JAVAID MALIK | Greater Kashmir, August 31, 2008

Srinagar, Aug 30: The continuous detention of pro-freedom leaders in Kashmir has left their families and general public worried as they want to know their fate.

Even their families have been denied access to meet them.

At least 100 pro-freedom leaders including chairmen of both the Hurriyat factions, Mirwaiz Umar Farooq and Syed Ali Shah Geelani, the chairman of Jammu and Kashmir Liberation Front Muhammad Yasin Malik, senior Hurriyat leader Shabir Ahmed Shah, chairperson of Dukhtarn-e-Millat, Asiya Andrabi and others have been arrested since Sunday, a day before scheduled Lal Chowk chalo march.
Altaf Ahmed Shah, son in law of ailing Hurriyat (G) chairman Syed Ali Shah Geelani told Greater Kashmir, “We’ve not been allowed to meet him since the day he was arrested. There were rumors about Geelani sahib not feeling well and he being admitted in SKIMS. There were even rumors about he was shifted to New Delhi for treatment.”
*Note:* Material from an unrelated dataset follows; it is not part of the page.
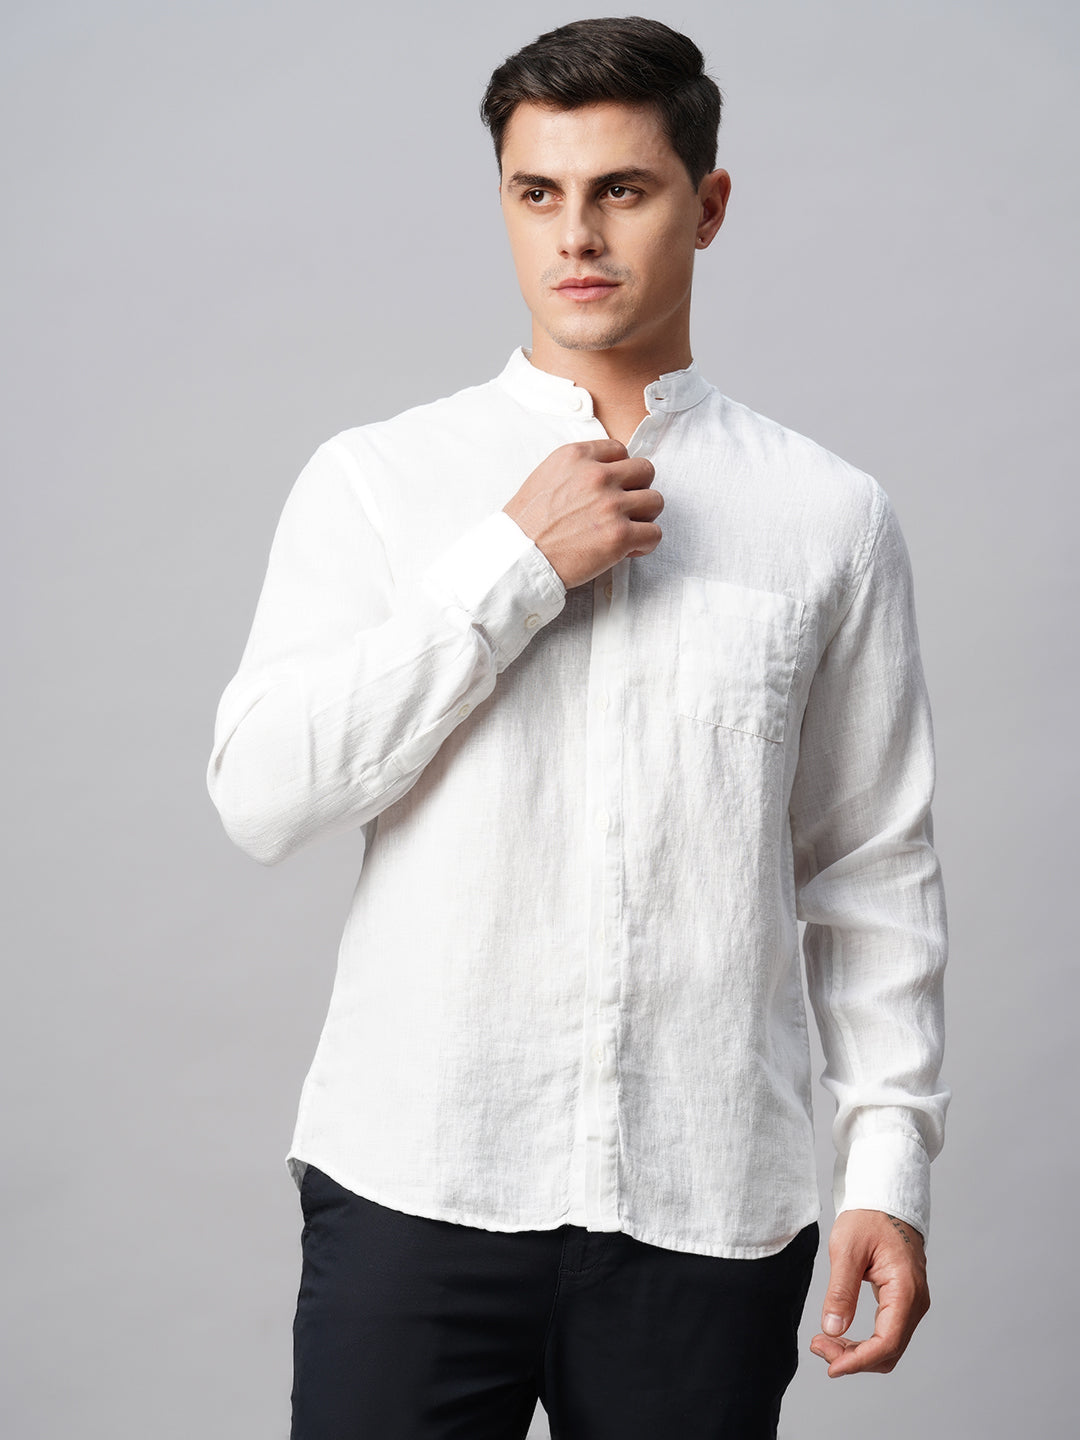 Men's 100% Linen White Band Collared Regular Fit Band Collared Shirt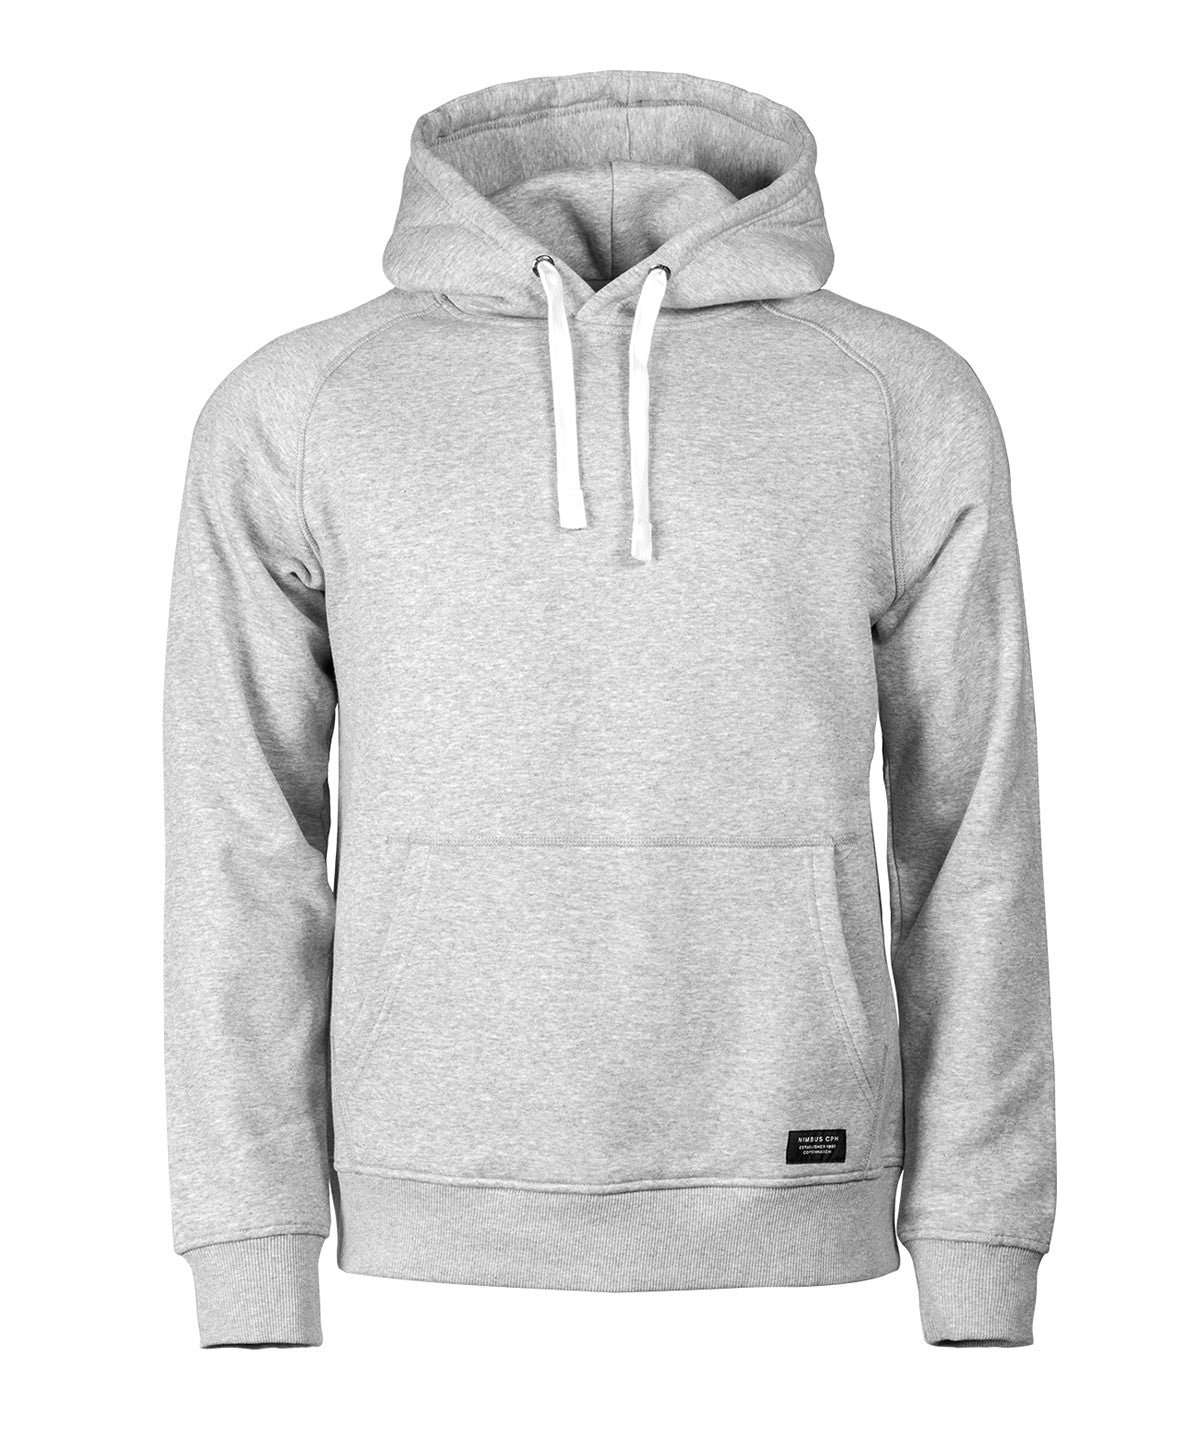 Nimbus Brownsville – fashionable hooded sweatshirt

Shah said that after these rumors they approached the concerned Senior Superintendent of Police (SSP) Budgam and asked him to provide the whereabouts of the ailing leader. “He avoided us and refused to divulge the details,” he said.

Shah said that Syed Ali Geelani 78, is suffering from more than one serious ailments including cardiac problem, have only three fourth of kidney function and is asthmatic. He needs thorough medical check up on daily basis. “The criminal silence maintained by the authorities about his whereabouts and health has caused lots of worries to the family members and his party rank and file,” Shah said.
He said that he has filed a petition with head of the delegation of International Community of the Red Cross (ICRC) and has sought his intervention.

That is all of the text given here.